**DATA FOR PROCESSING:**
Start of Block

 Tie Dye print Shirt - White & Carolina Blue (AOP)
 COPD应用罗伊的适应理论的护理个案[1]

End of Block
Start of Block

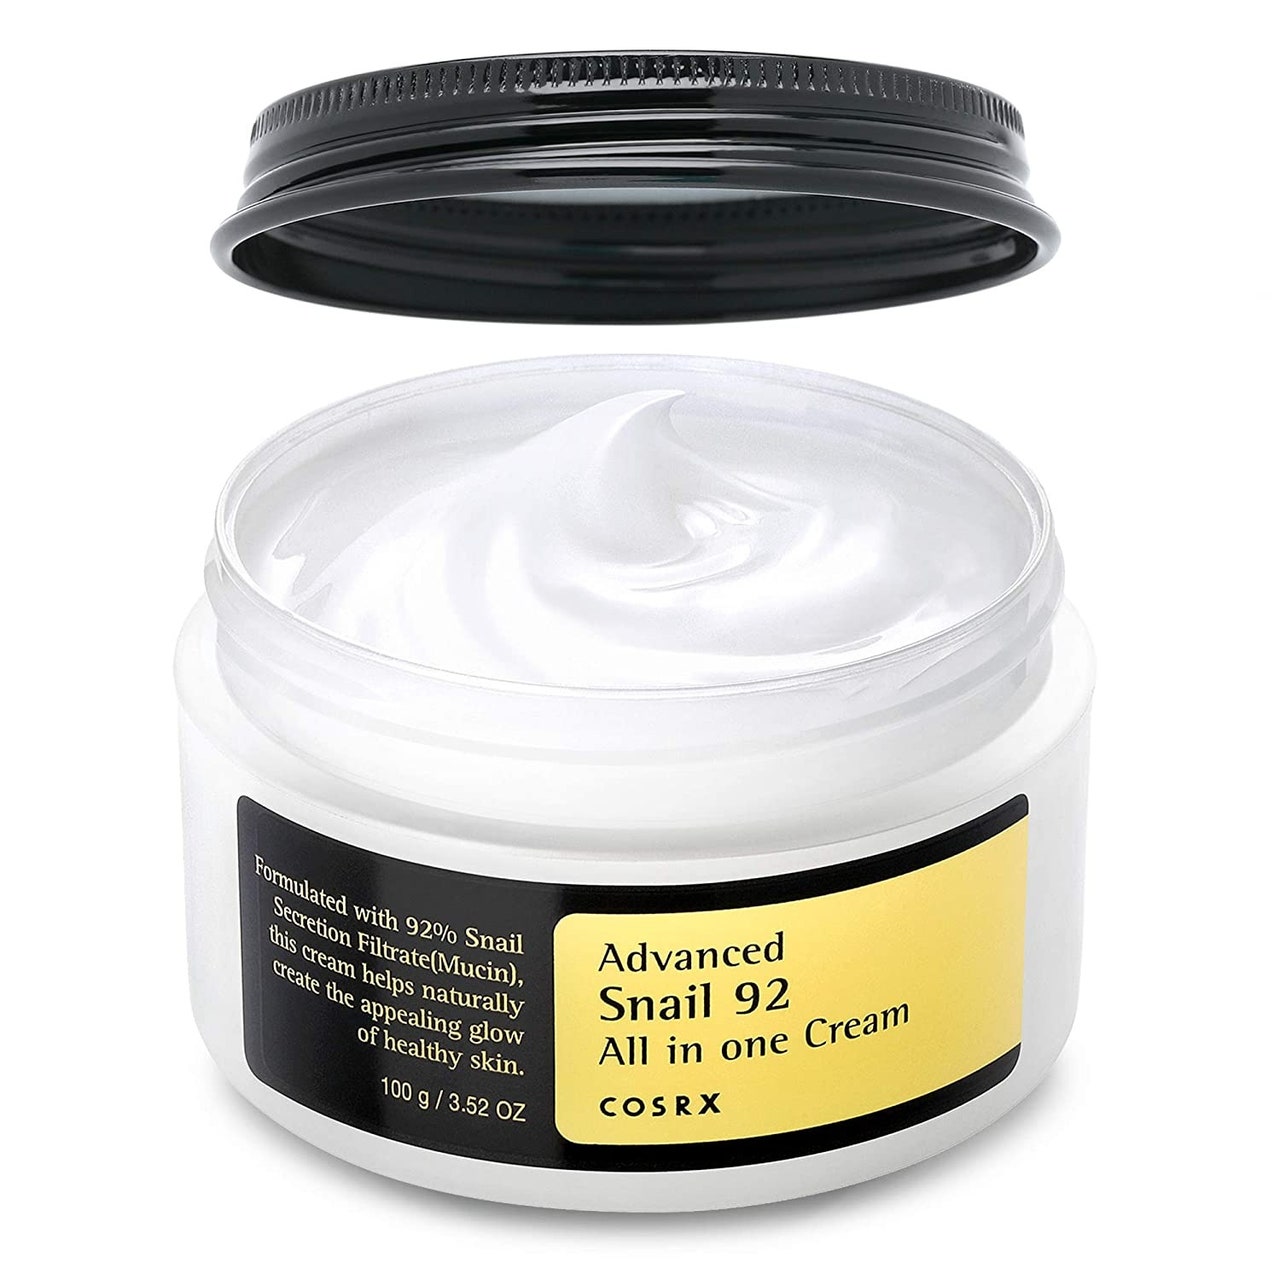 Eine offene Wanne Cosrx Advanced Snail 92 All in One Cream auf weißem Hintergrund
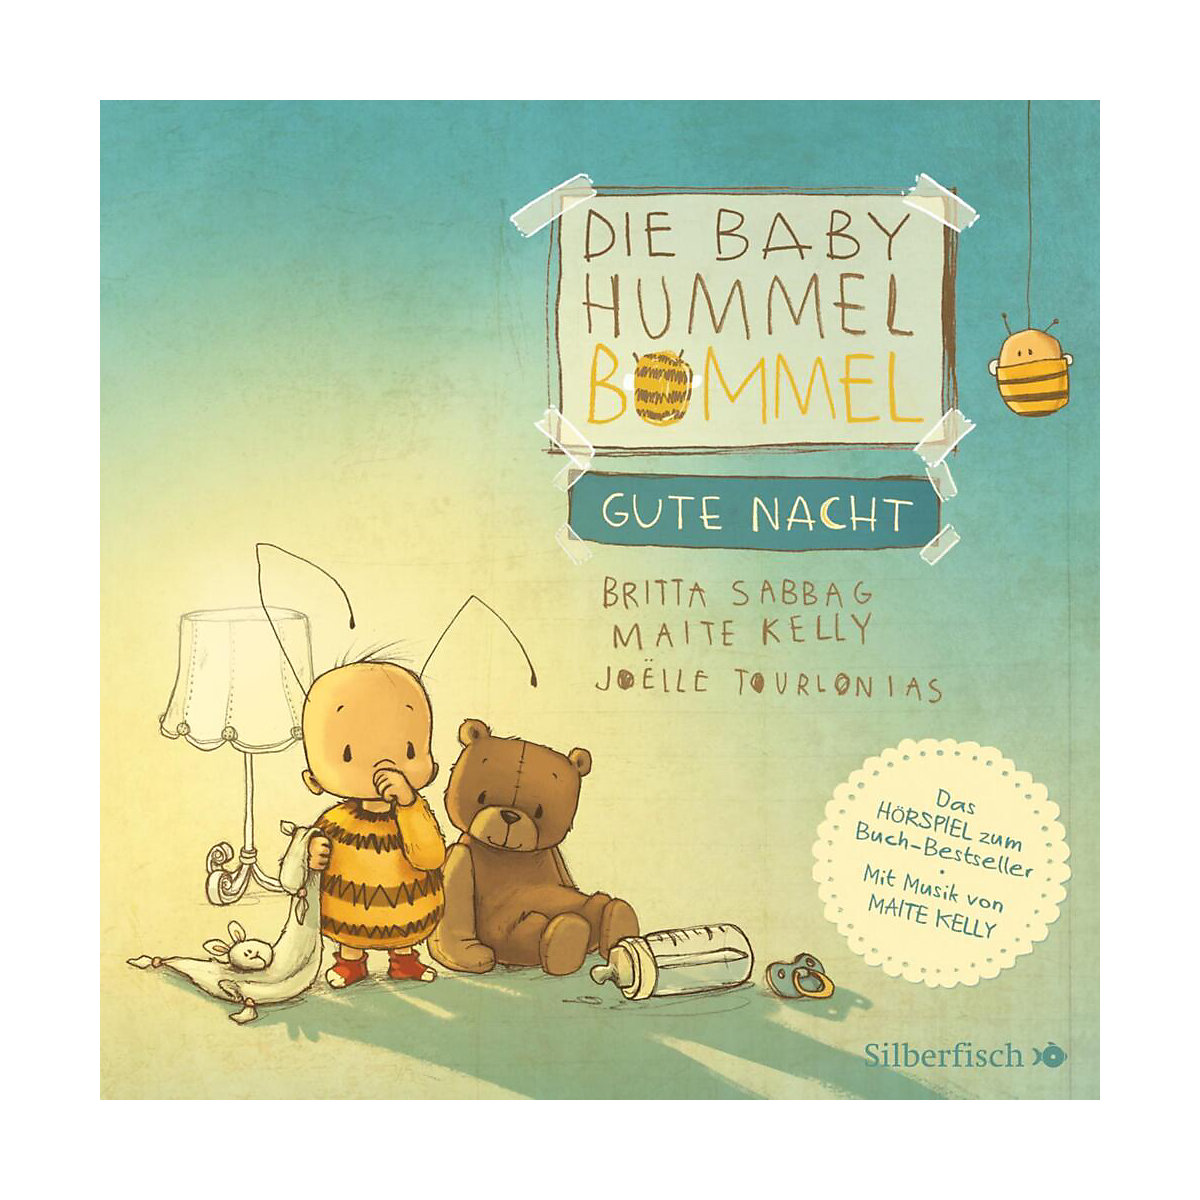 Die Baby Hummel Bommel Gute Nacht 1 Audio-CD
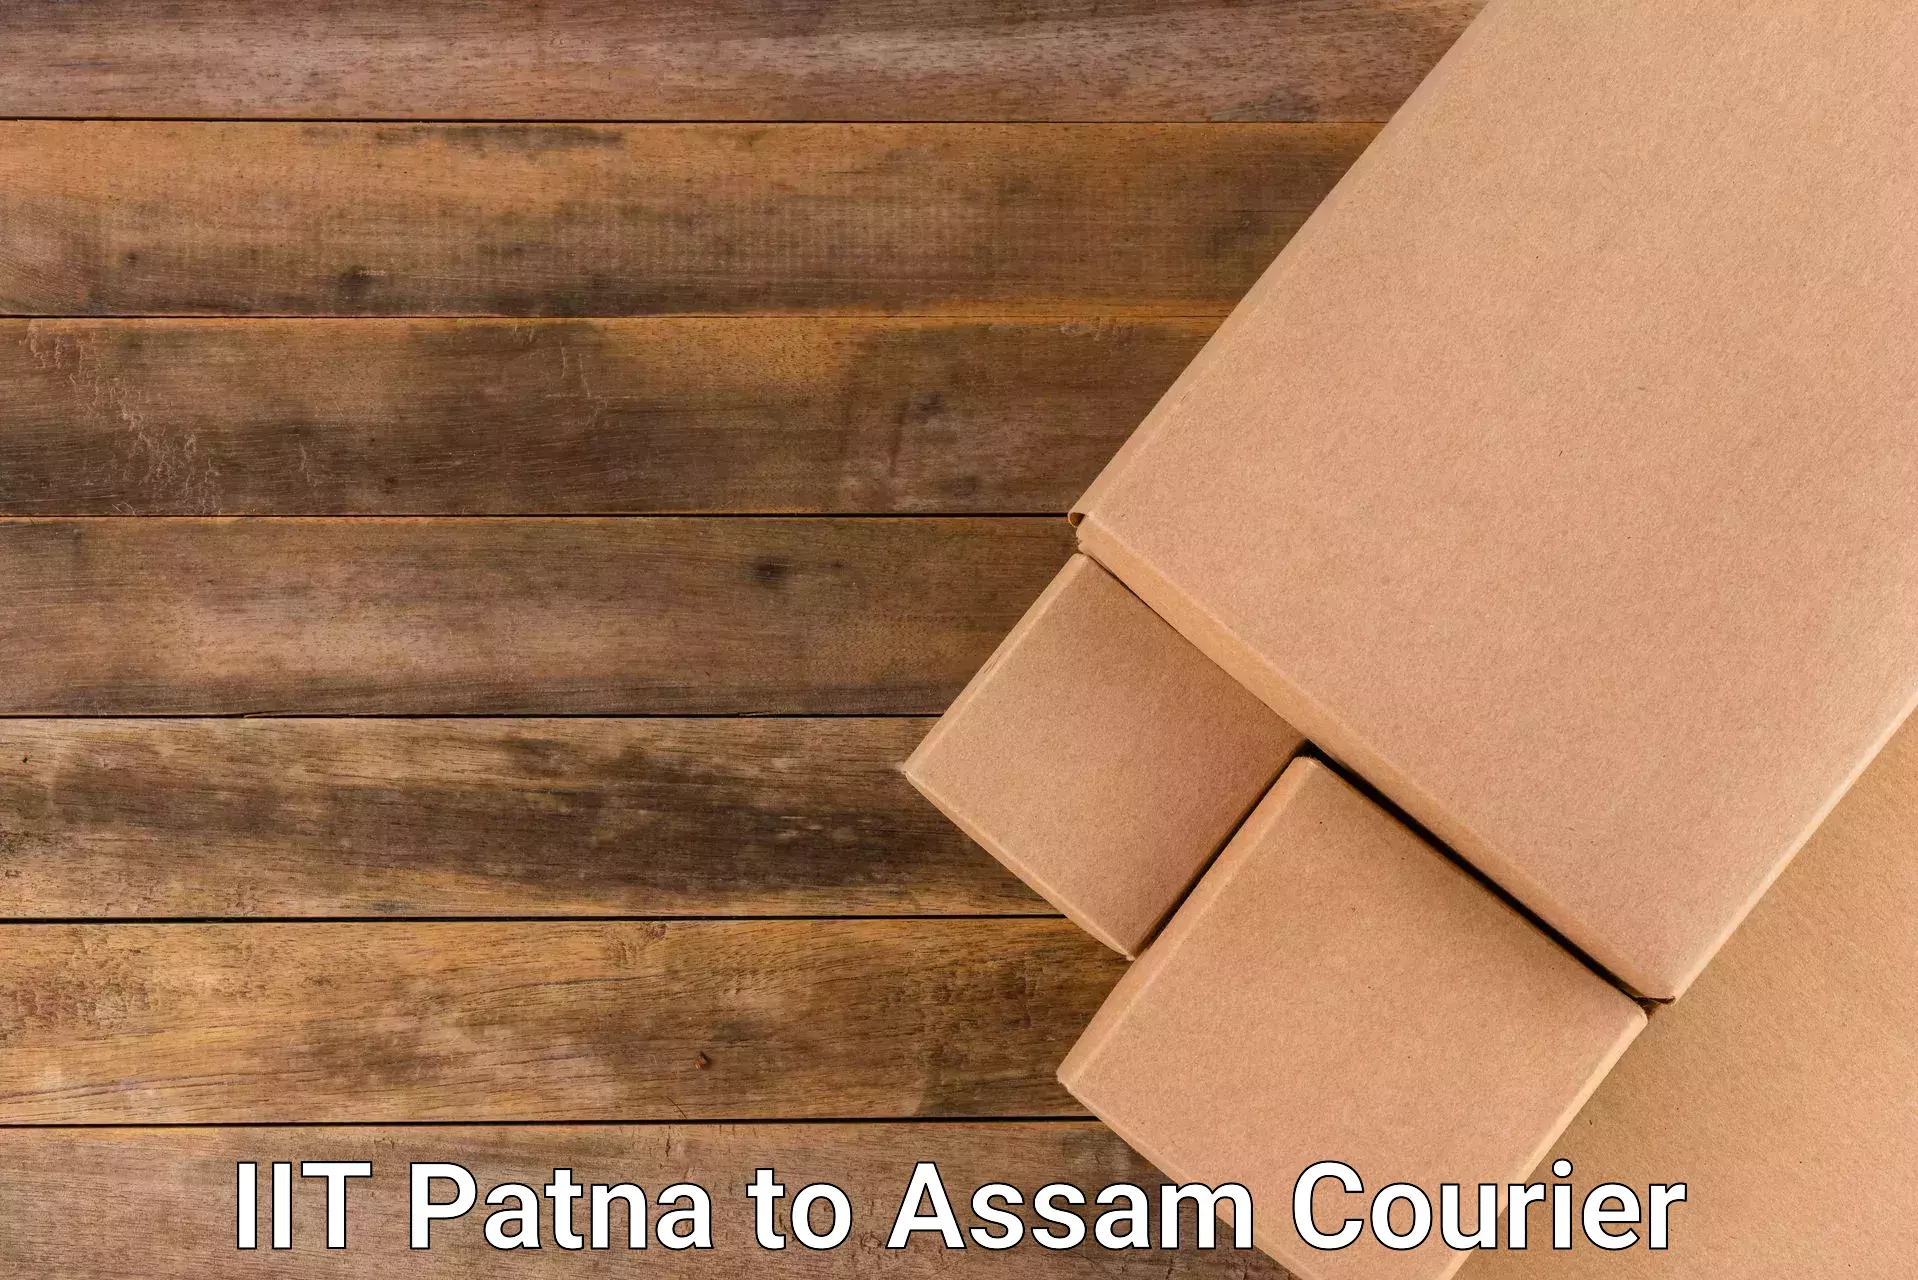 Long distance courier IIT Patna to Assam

End of Block

**YOUR TASK:**
Taking the material above, give again exactly the lines from the one holding "Eine offene Wanne" through the one holding "Long distance courier IIT Patna to Assam", with both ends and without pictures.

**OUTPUT FOR THIS EXERCISE:**
 Eine offene Wanne Cosrx Advanced Snail 92 All in One Cream auf weißem Hintergrund
 Die Baby Hummel Bommel Gute Nacht 1 Audio-CD
 Long distance courier IIT Patna to Assam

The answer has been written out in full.